History

United Kingdom
- Name: Caroline
- Builder: Nursapore, or Cochin
- Launched: 1827
- Fate: No record after 1859

General characteristics
- Tons burthen: 363, or 370 (bm)

= Caroline (1827) =

Caroline was launched at Nursapore in 1827. Her early career as a country ship, trading east of the Cape of Good Hope, is currently obscure. From 1834 on she proceeded to make six voyages as a whaler in the southern whale fishery. She disappears from records available online in November 2023 after her return to Great Britain in 1859.

==Career==
Caroline first appeared in Lloyd's Register in 1834. She then became a whaler in the British Southern Whale Fishery.

| Year | Master | Owner | Trade | Source |
|---|---|---|---|---|
| 1834 | Meek | Wilson & Co. | London–South Seas | LR |

1st whaling voyage (1834–1838): Captain Meek cleared outward bound (in ballast) on 4 October 1834 for the South Seas. Meek was still her captain in November 1835. Caroline, G.Wheeler, master, returned from the Pacific on 26 May 1838 with 220 casks of whale oil.

2nd whaling voyage (1838–1843): Captain Drybugh (or Dryborough) sailed from England on 16 August 1834. On 16 June 1841 she put into Sydney leaky, having also lost her main mast, fore and main top masts, head, and four boats, and bowsprit sprung.
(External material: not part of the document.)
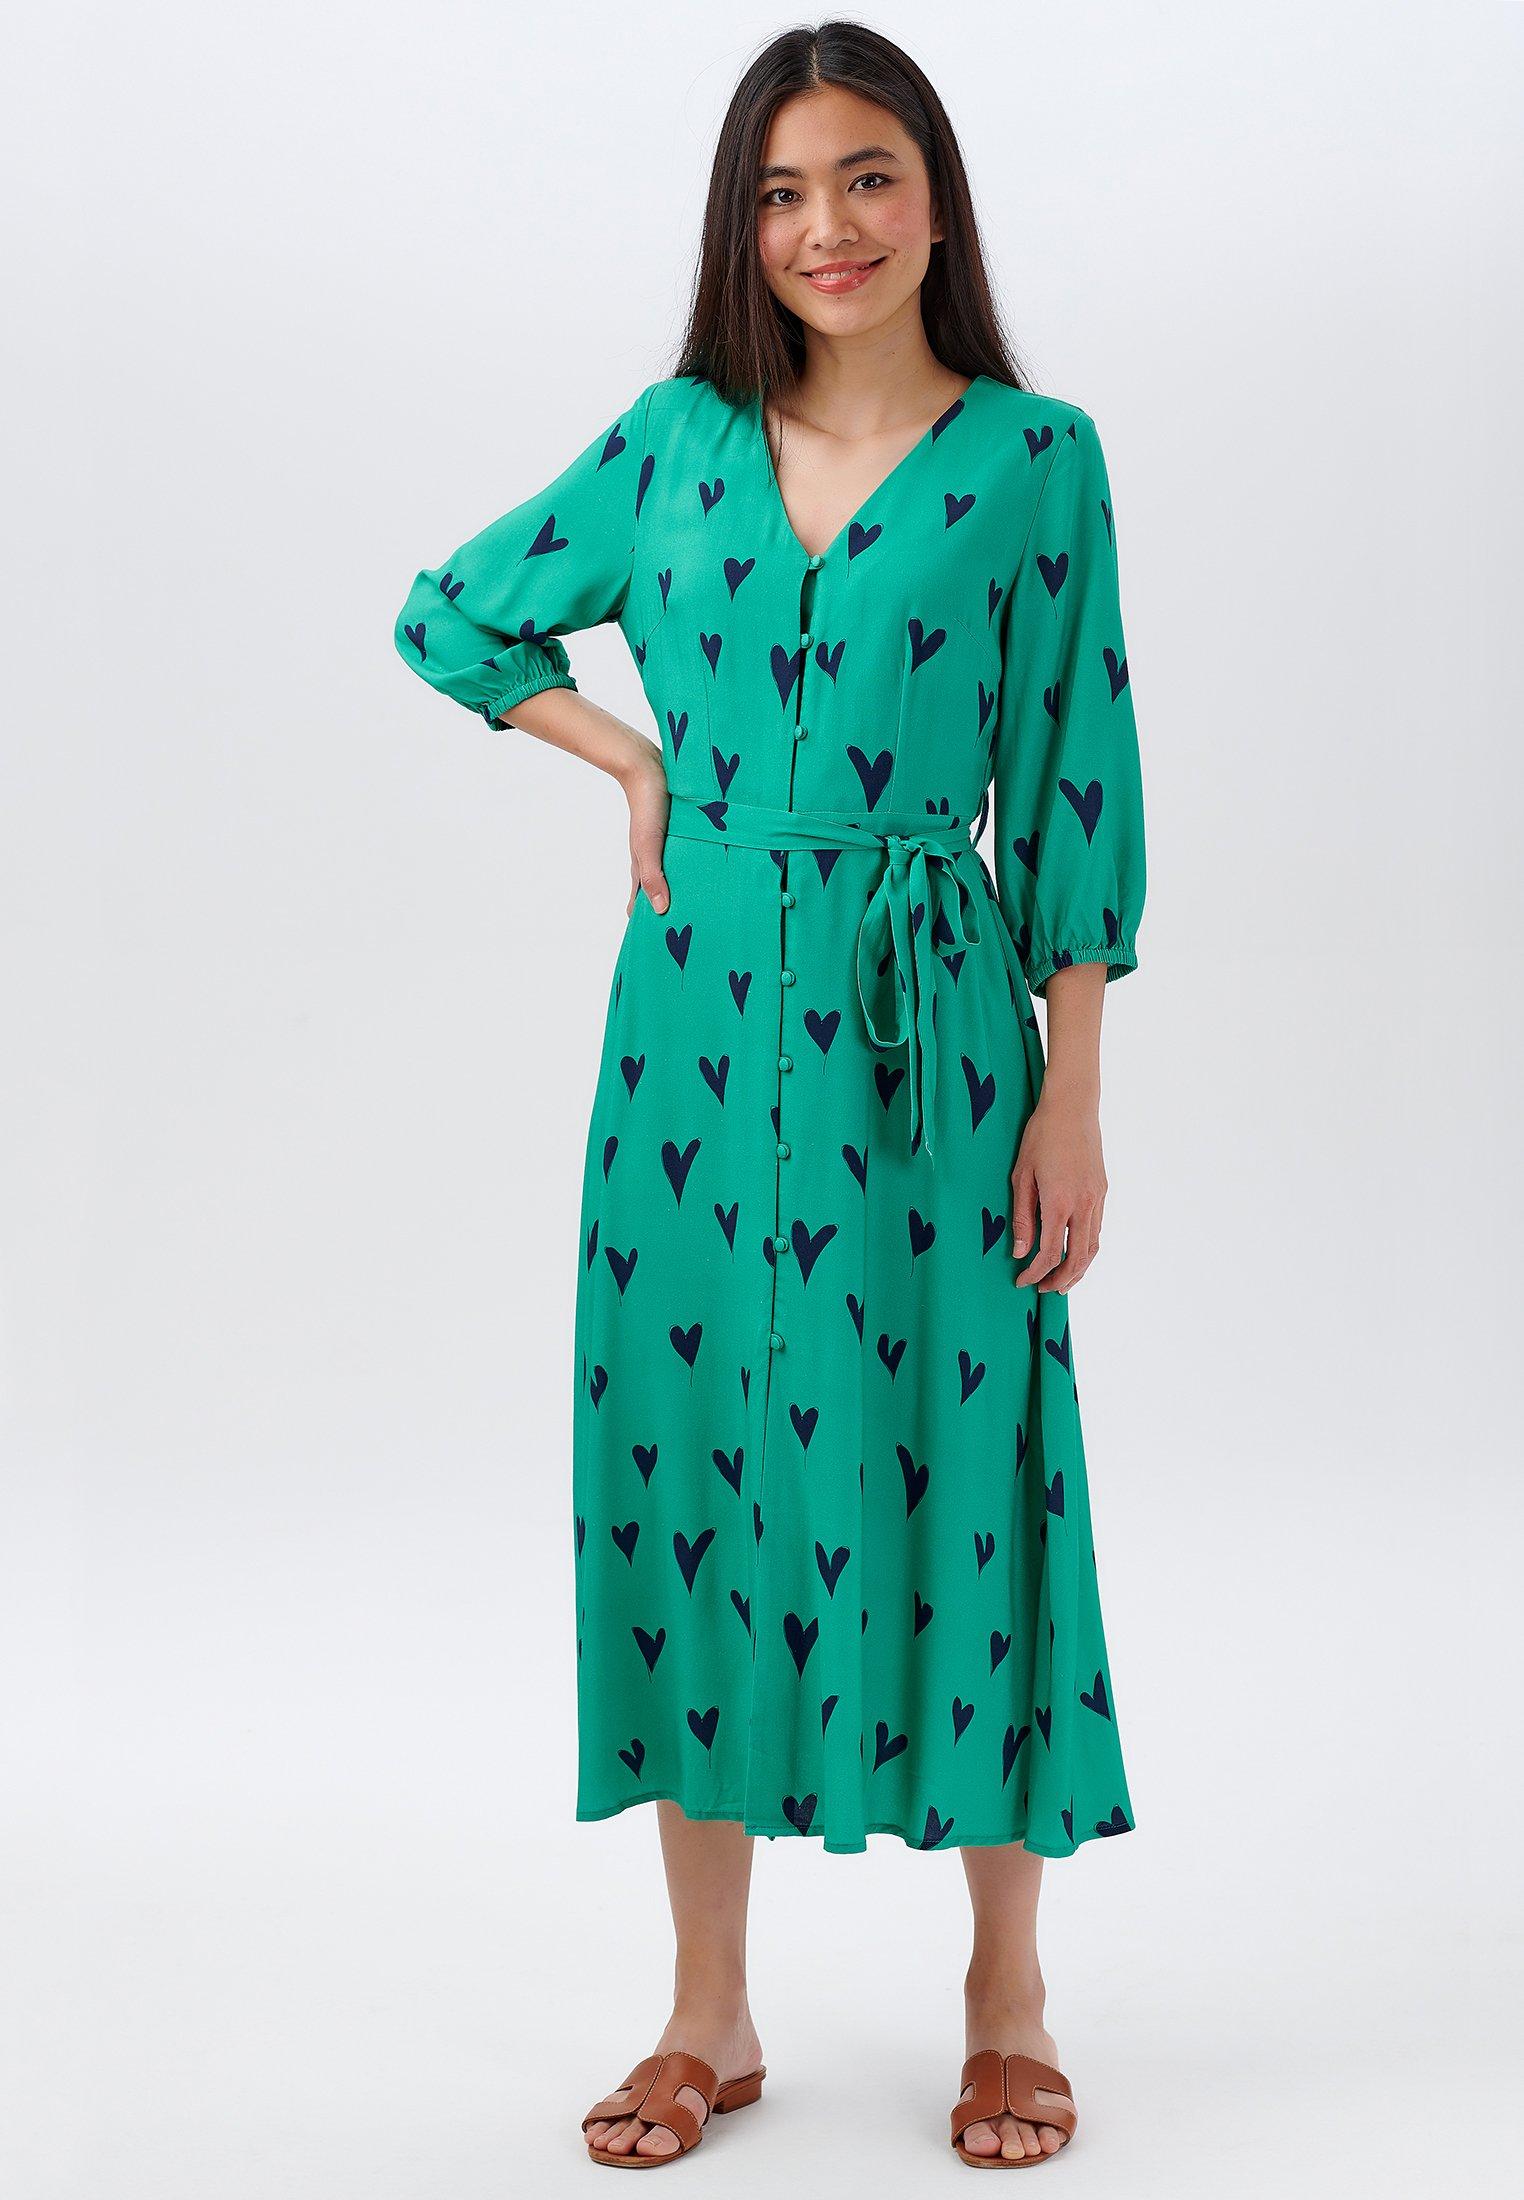 Femme COURTNEY HEARTS - Robe d'été

She had encountered a hurricane on 4–5 June at . Caroline returned on 29 September 1843 with 280 casks (160 tons), of whale oil.
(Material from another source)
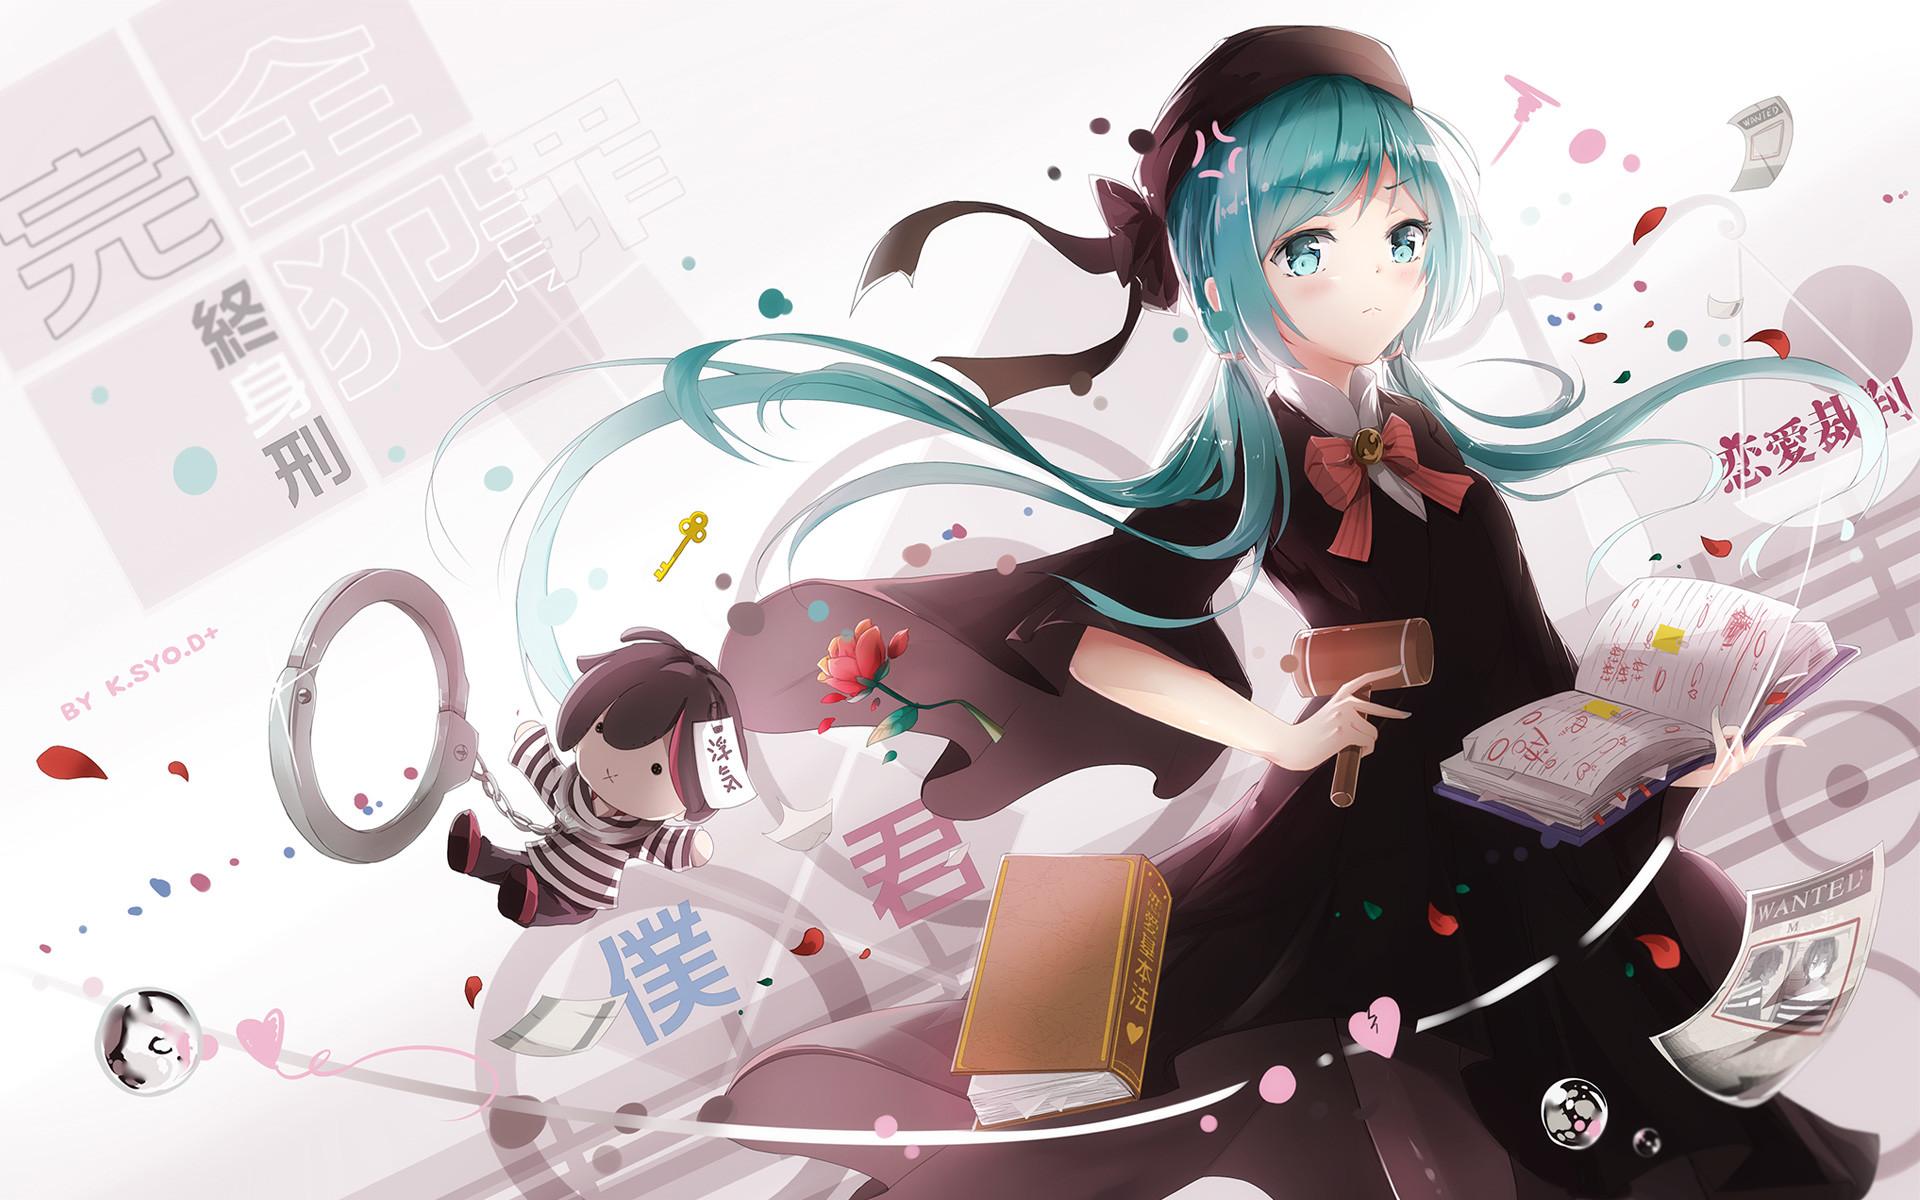 Vocaloid 5 download free | YAMAHA VOCALOID5 Libraries

Caroline last appeared in LR in 1845, suggesting that she then changed her registry from Great Britain.

| Year | Master | Owner | Trade | Source & notes |
|---|---|---|---|---|
| 1845 | Wilson | Wilson | London–South Seas | LR; small repairs 1838 & 1848 |

3rd whaling voyage (1844-1847): Captain Wilson sailed from England on 1 April 1844. She returned on 3 September 1847 with 229 casks of whale oil and 11 casks of train (bowhead whale) oil (143 tons).

4th whaling voyage (1848–1851): Captain G. W. Andrew (or Andrews) sailed from England on 7 March 1848. Caroline returned on 21 October 1851 with 220 casks.

5th whaling voyage (1852–1855): Captain J. Trulles (or Tresslles) sailed from England on 3 February 1852. Caroline returned on 25 September 1855 with 60 casks.

6th whaling voyage (1856–1859): Captain G. Benson sailed in 1856. Caroline returned to England on 19 October 1859 with 66 casks of sperm oil.